Inverse Ising techniques to infer underlying mechanisms from data

doi:10.1088/1674-1056/ab8da6

Abstract

As a problem in data science the inverse Ising (or Potts) problem is to infer the parameters of a Gibbs-Boltzmann distributions of an Ising (or Potts) model from samples drawn from that distribution. The algorithmic and computational interest stems from the fact that this inference task cannot be carried out efficiently by the maximum likelihood criterion, since the normalizing constant of the distribution (the partition function) cannot be calculated exactly and efficiently. The practical interest on the other hand flows from several outstanding applications, of which the most well known has been predicting spatial contacts in protein structures from tables of homologous protein sequences. Most applications to date have been to data that has been produced by a dynamical process which, as far as it is known, cannot be expected to satisfy detailed balance.
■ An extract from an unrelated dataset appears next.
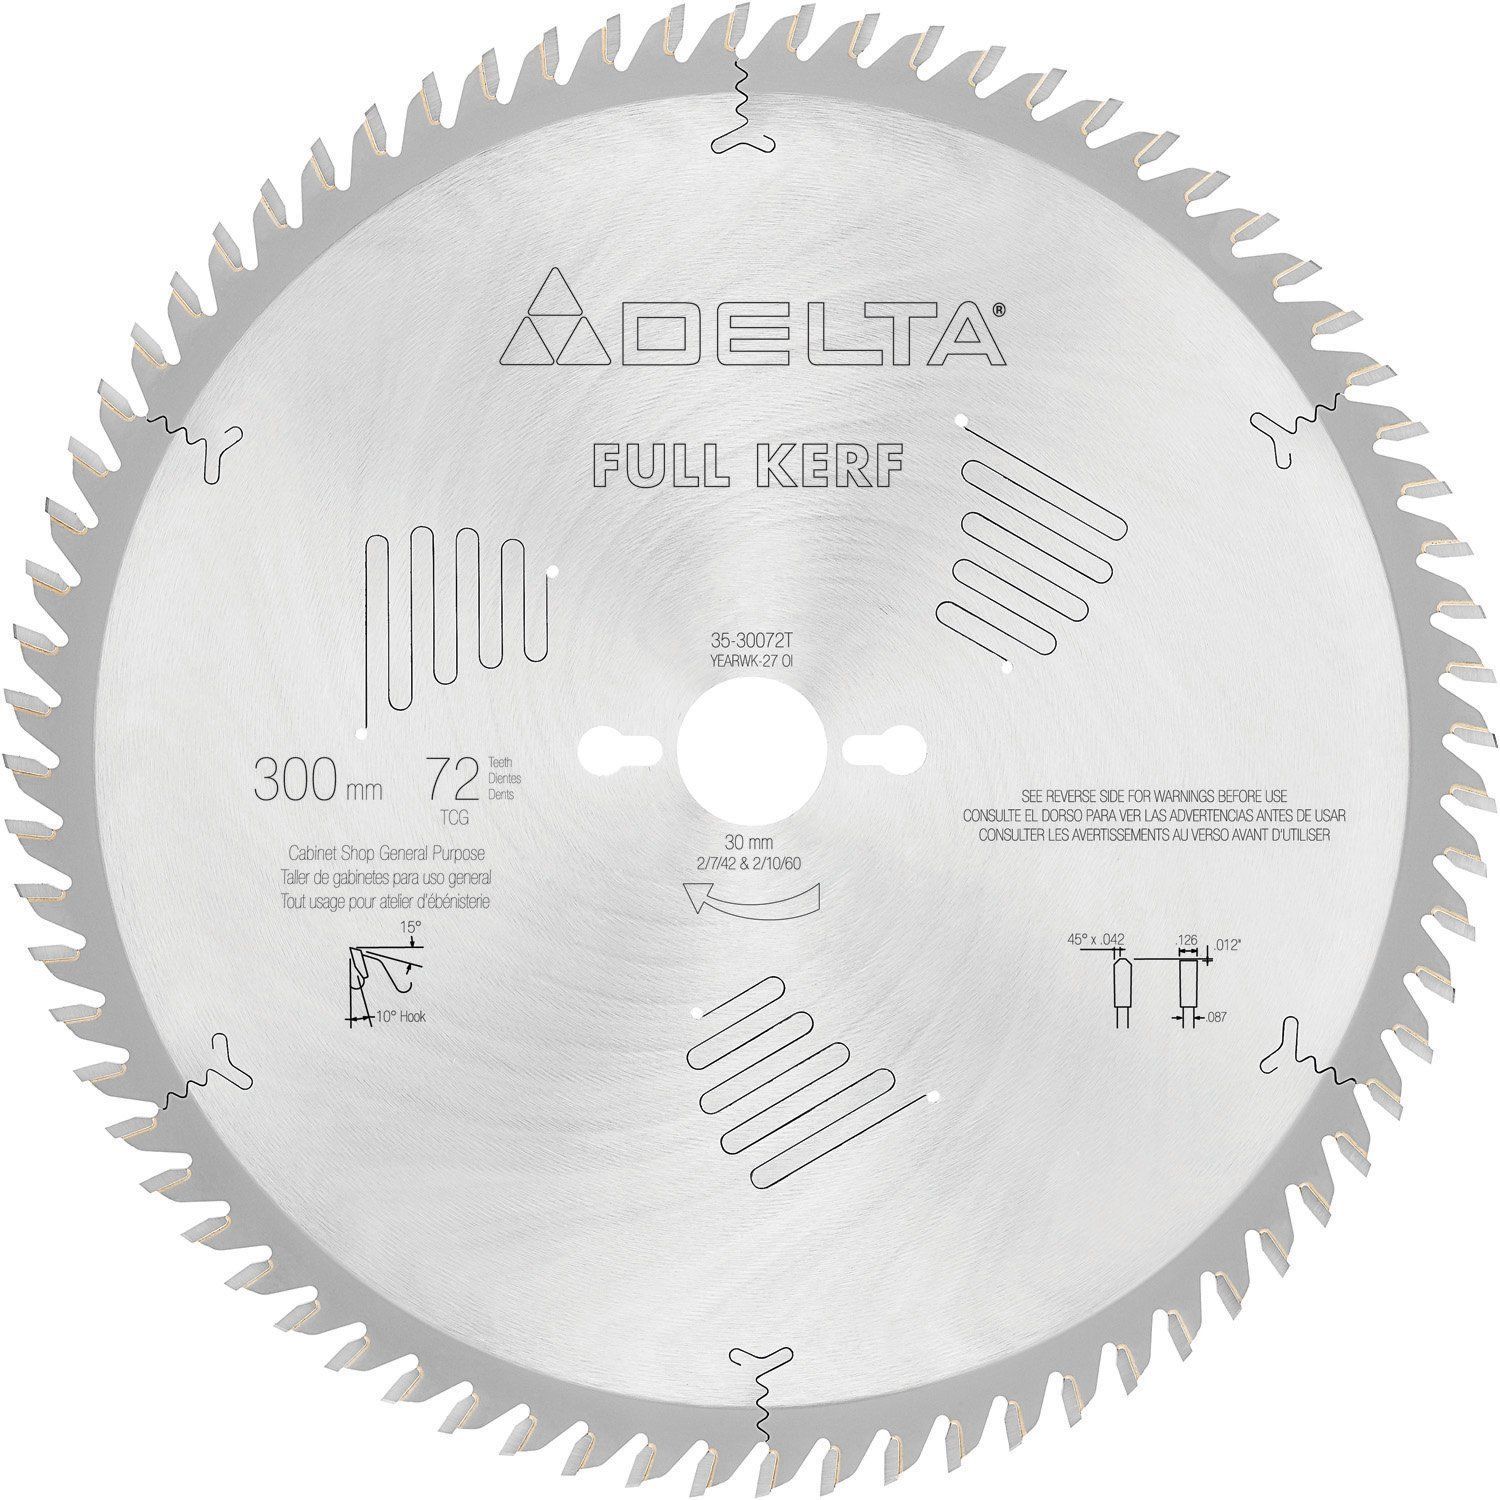 Delta 35-30072T Full Kerf Triple Chip Saw Blade 300MM x 72 Tooth USA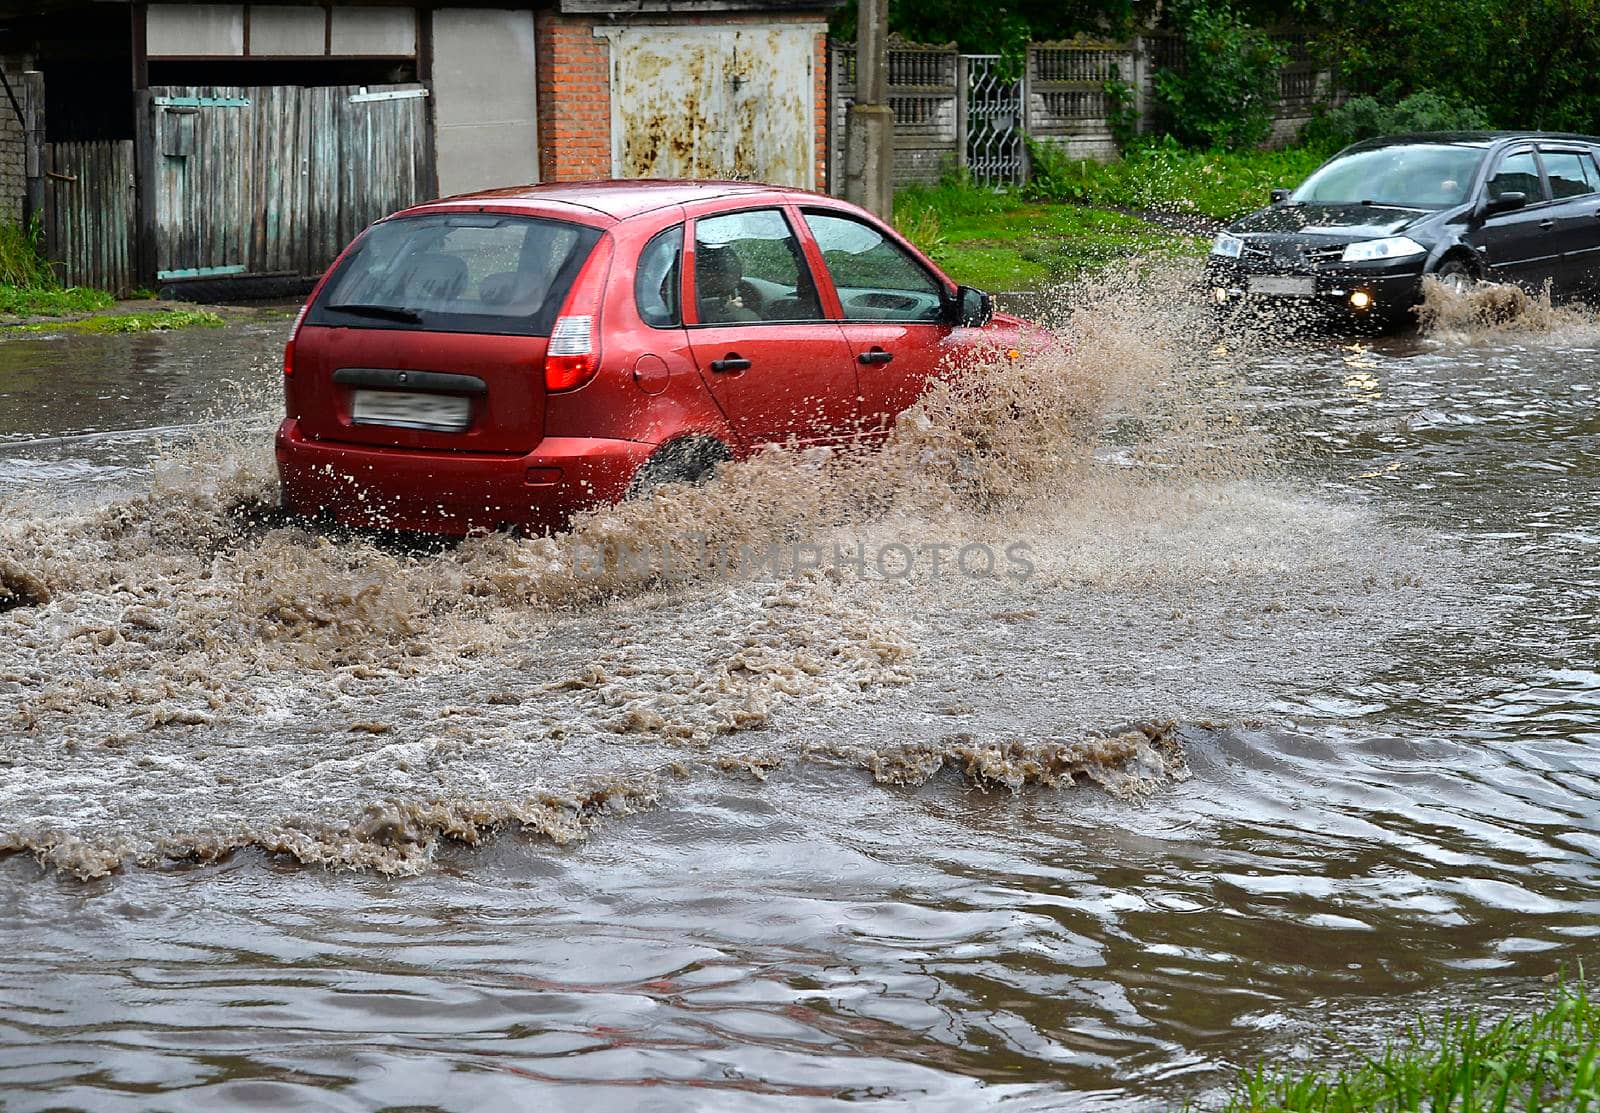 Cars drive in pouring rain on a flood-flooded road.

There is therefore no a priori reason to expect the distribution to be of the Gibbs-Boltzmann type, and no a priori reason to expect that inverse Ising (or Potts) techniques should yield useful information. In this review we discuss two types of problems where progress nevertheless can be made. We find that depending on model parameters there are phases where, in fact, the distribution is close to Gibbs-Boltzmann distribution, a non-equilibrium nature of the under-lying dynamics notwithstanding. We also discuss the relation between inferred Ising model parameters and parameters of the underlying dynamics.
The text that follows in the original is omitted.